◆ **Entries shown**
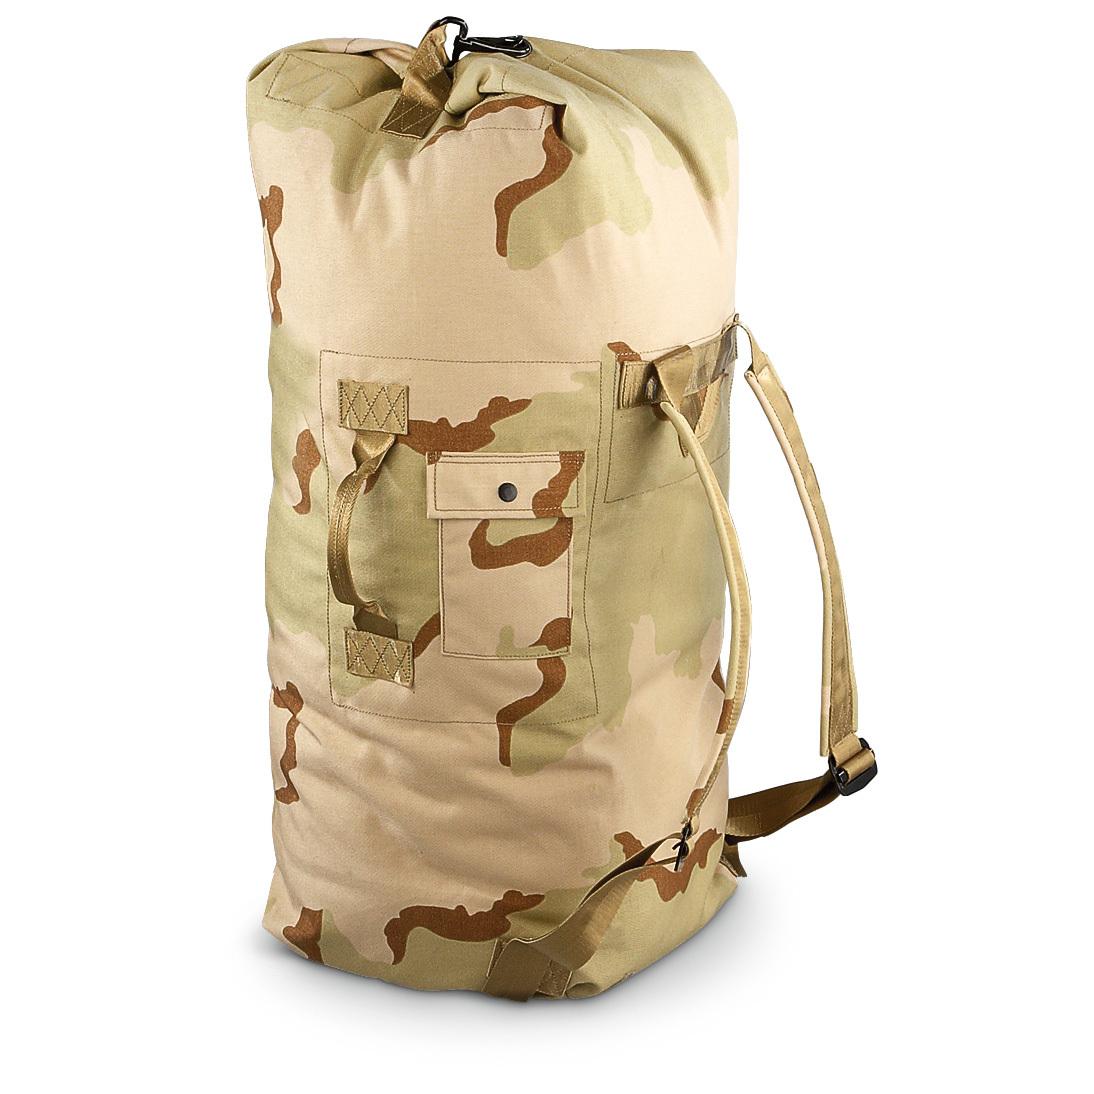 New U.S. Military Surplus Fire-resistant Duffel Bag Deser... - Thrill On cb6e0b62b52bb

...

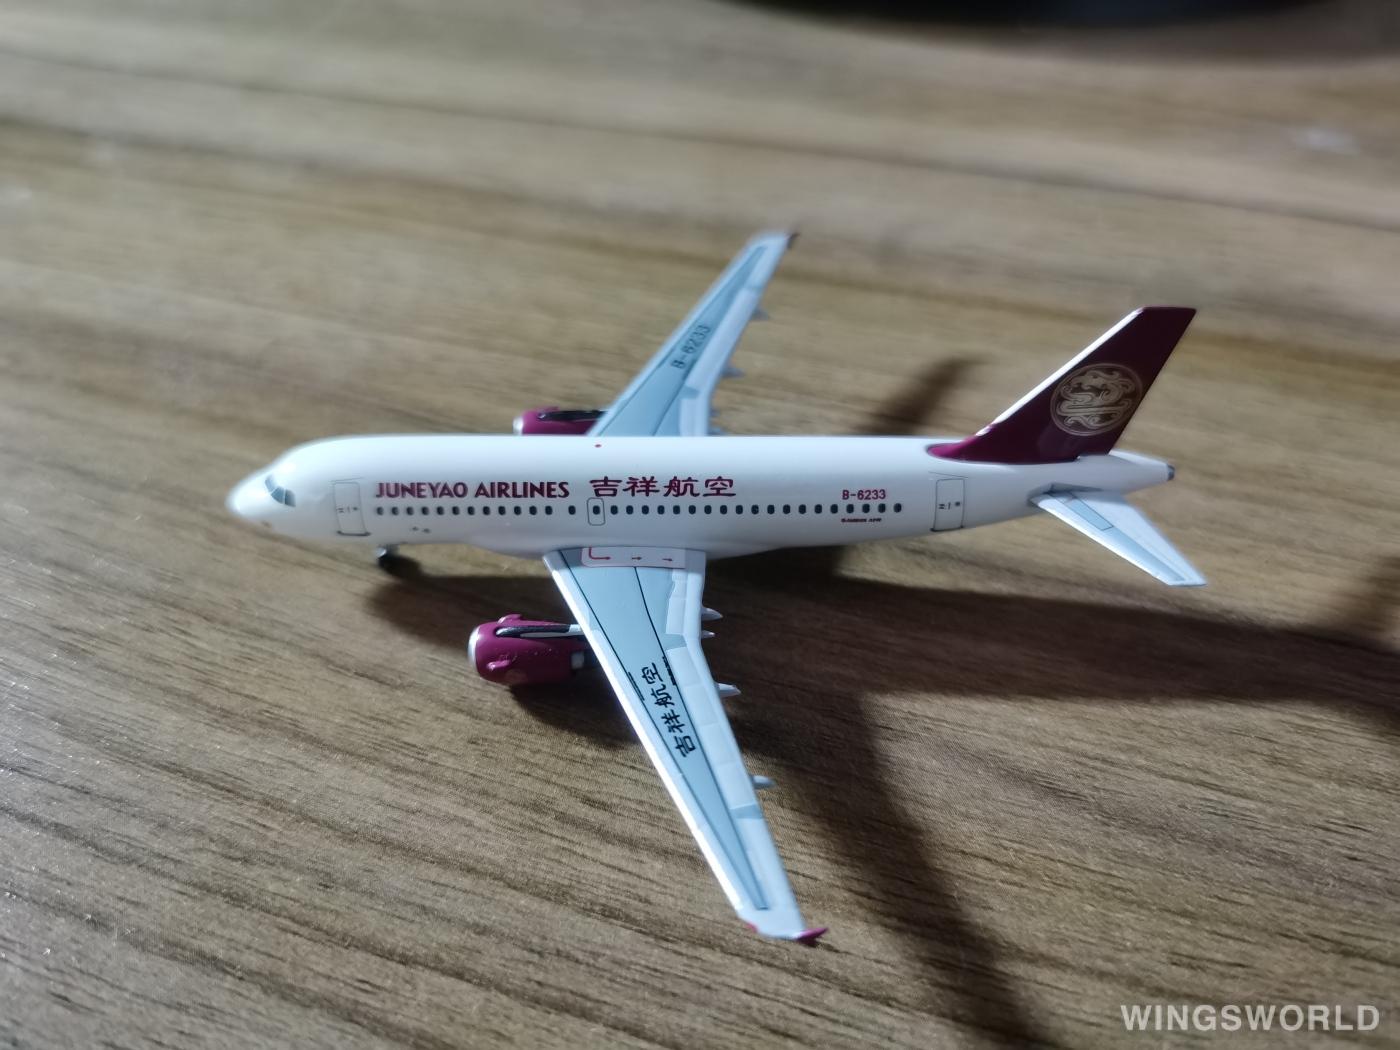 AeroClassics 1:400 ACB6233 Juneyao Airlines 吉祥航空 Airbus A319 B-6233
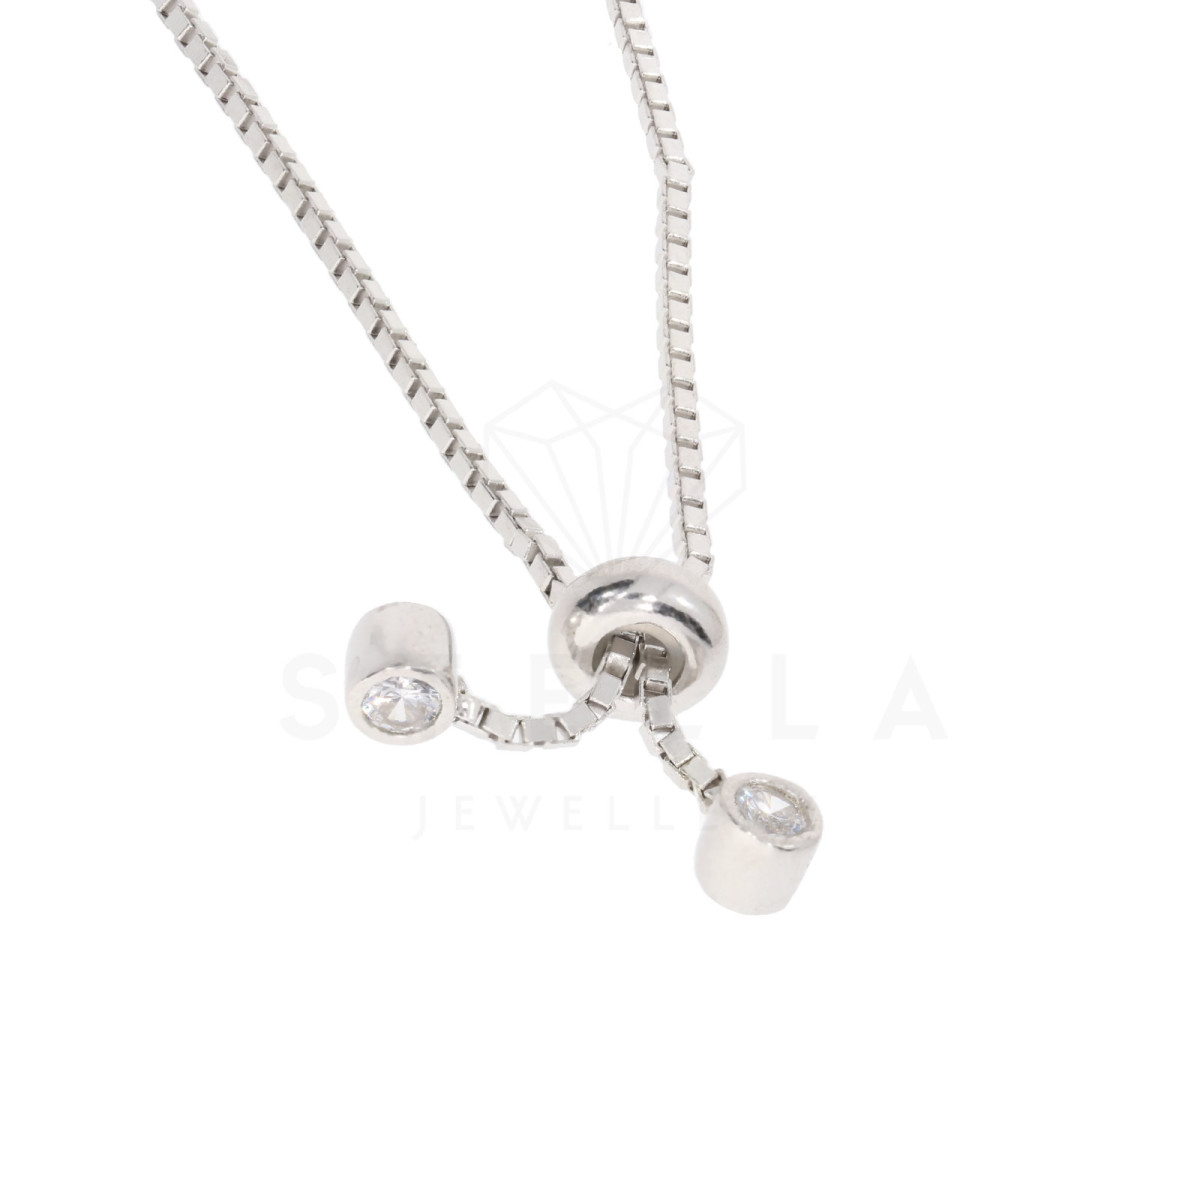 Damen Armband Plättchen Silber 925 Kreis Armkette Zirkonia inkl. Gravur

◆ **What to produce**
Above are the records; return the lines in them from the one with "AeroClassics 1:400 ACB6233" to the one with "Damen Armband Plättchen", inclusive, exactly and without images.

◆ **Problem solution**
 AeroClassics 1:400 ACB6233 Juneyao Airlines 吉祥航空 Airbus A319 B-6233
 Damen Armband Plättchen Silber 925 Kreis Armkette Zirkonia inkl. Gravur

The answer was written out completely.